CSC/ECE 506 Spring 2010/ch 11 maf
Real Cache Coherence Protocols
DASH Coherence Protocol
The DASH multiprocessor used a two-level coherence protocol, relying on a snoopy bus to ensure cache coherence within cluster and a directory-based protocol to ensure coherence across clusters. The protocol uses a Remote Access Cache (RAC) at each cluster, which essentially consolidates memory blocks from remote clusters into a single cache on the local snoopy bus. When a request is issued for a block from a remote cluster that is not in the RAC, the request is denied but the request is also forwarded to the owner.
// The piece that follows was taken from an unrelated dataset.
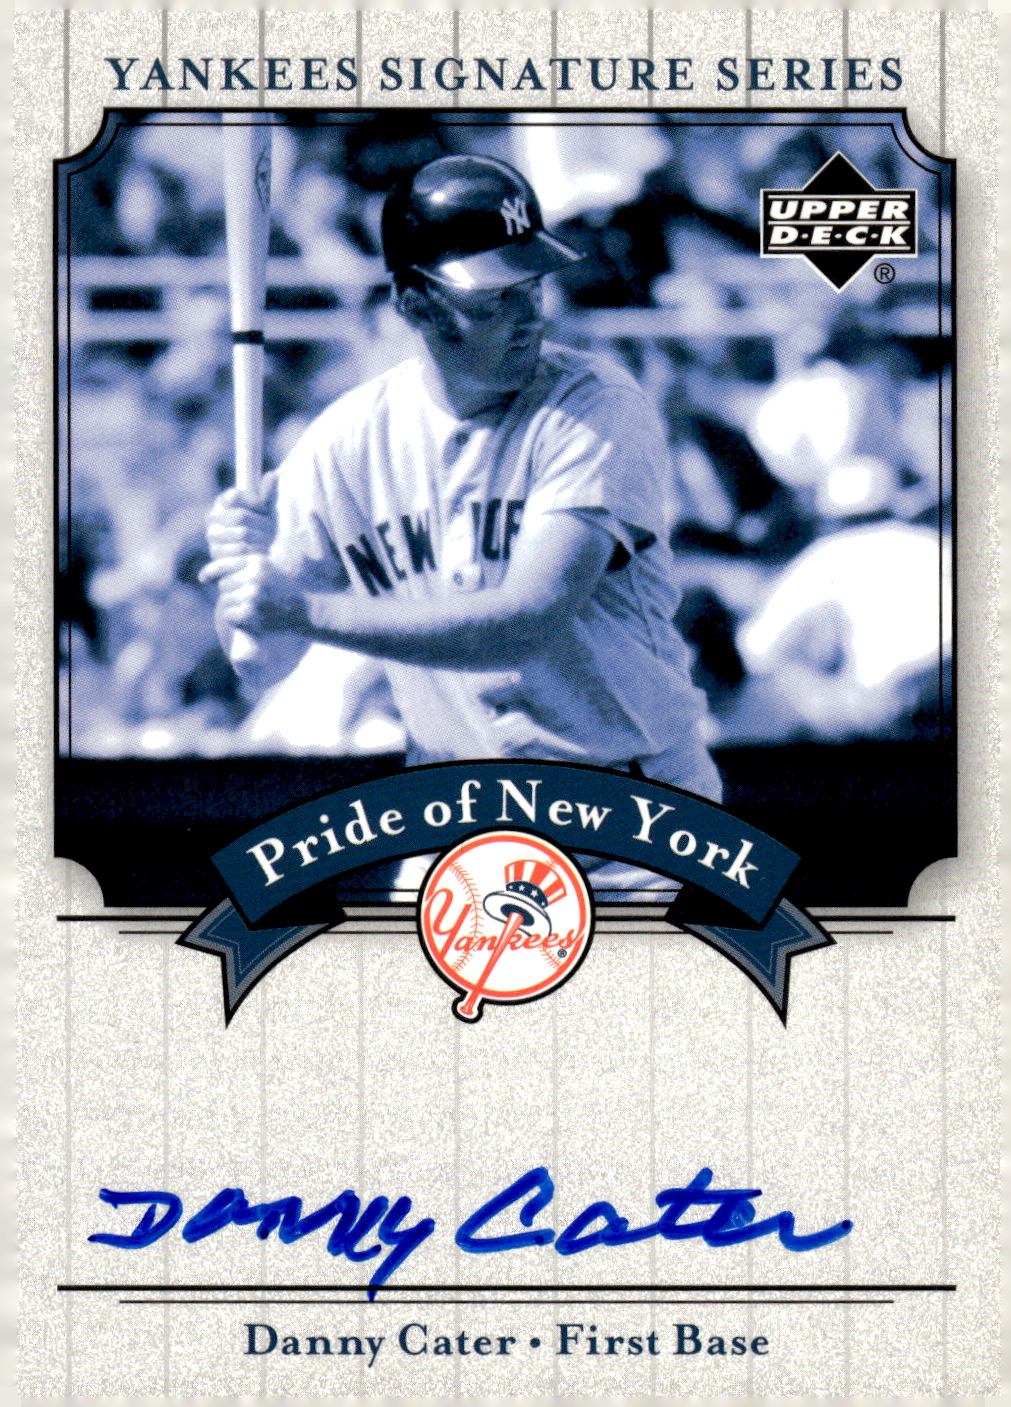 2003 Upper Deck Yankees Signature Pride of New York Autographs #DC Danny Cater

The owner supplies the block to the RAC. Eventually, when the requestor retries, the block will be waiting in the RAC.
There are too many cases to express the protocol succinctly as a finite state machine. Instead, the protocol for servicing Read and ReadX requests is summarized in the following subsections. For a more detailed elaboration, Lenoski et al. describe the protocol in pseudo-code.
Read
// "Figure 7: Normal flow of read request bus transaction." // From Lenoski et al. (see References). if (Data held locally in shared state by processor or RAC) Other cache(s) supply data for fill; else if (Data held locally in dirty state by processor or RAC) { Dirty cache supplies data for fill and goes to shared state; if (Memory Home is Local) Writeback Data to main memory; else RAC takes data in shared-dirty state; } else if (Memory home is Local) { if (Directory entry state != Dirty-Remote) Memory supplies read data; else { Allocate RAC entry, mask arbitration and force retry; Forward Read Request to Dirty Cluster; PCPU on Dirty Cluster issues read request; Dirty cache supplies data and does to shared state; DC sends shared data reply to local cluster; Local RC gets reply and unmasks processor arbitration; Upon local processor read, RC supplies data and the RAC entry goes to shared state; Directory entry state = Shared-Remote; } } else /* Memory home is Remote */ Allocate RAC entry, mask arbitration and force retry; Local DC sends read request to home cluster; if (Directory entry state != Dirty-Remote) { Directory entry state = Shared-Remote, update vector; Home DC sends reply to local RC; Local RC gets reply and unmasks processor arbitration; else { Home DC forwards Read Request to dirty cluster; PCPU on dirty cluster issues read request and DC sends reply to local cluster and sharing writeback to home; Local RC gets reply and unmasks processor arbitration; Home DC gets sharing writeback, writes back dirty data, Directory entry state = Shared-Remote, update vector; } Upon local processor read, RC supplies the data and the RAC entry goes to shared state; }
When a Read request is issued, it first goes to the snoopy bus of the local cluster. If the block is already in the local RAC or in a local processor's cache, then one of these caches supplies the data. If the block was dirty and the local cluster is the home cluster, then the owner will also have to flush to main memory and transition to the shared state. If the block was dirty and the local cluster is a remote cluster, then the owner flushes to the local RAC which becomes the new owner. In this last case, locally the block will be shared, but remotely it will be considered dirty.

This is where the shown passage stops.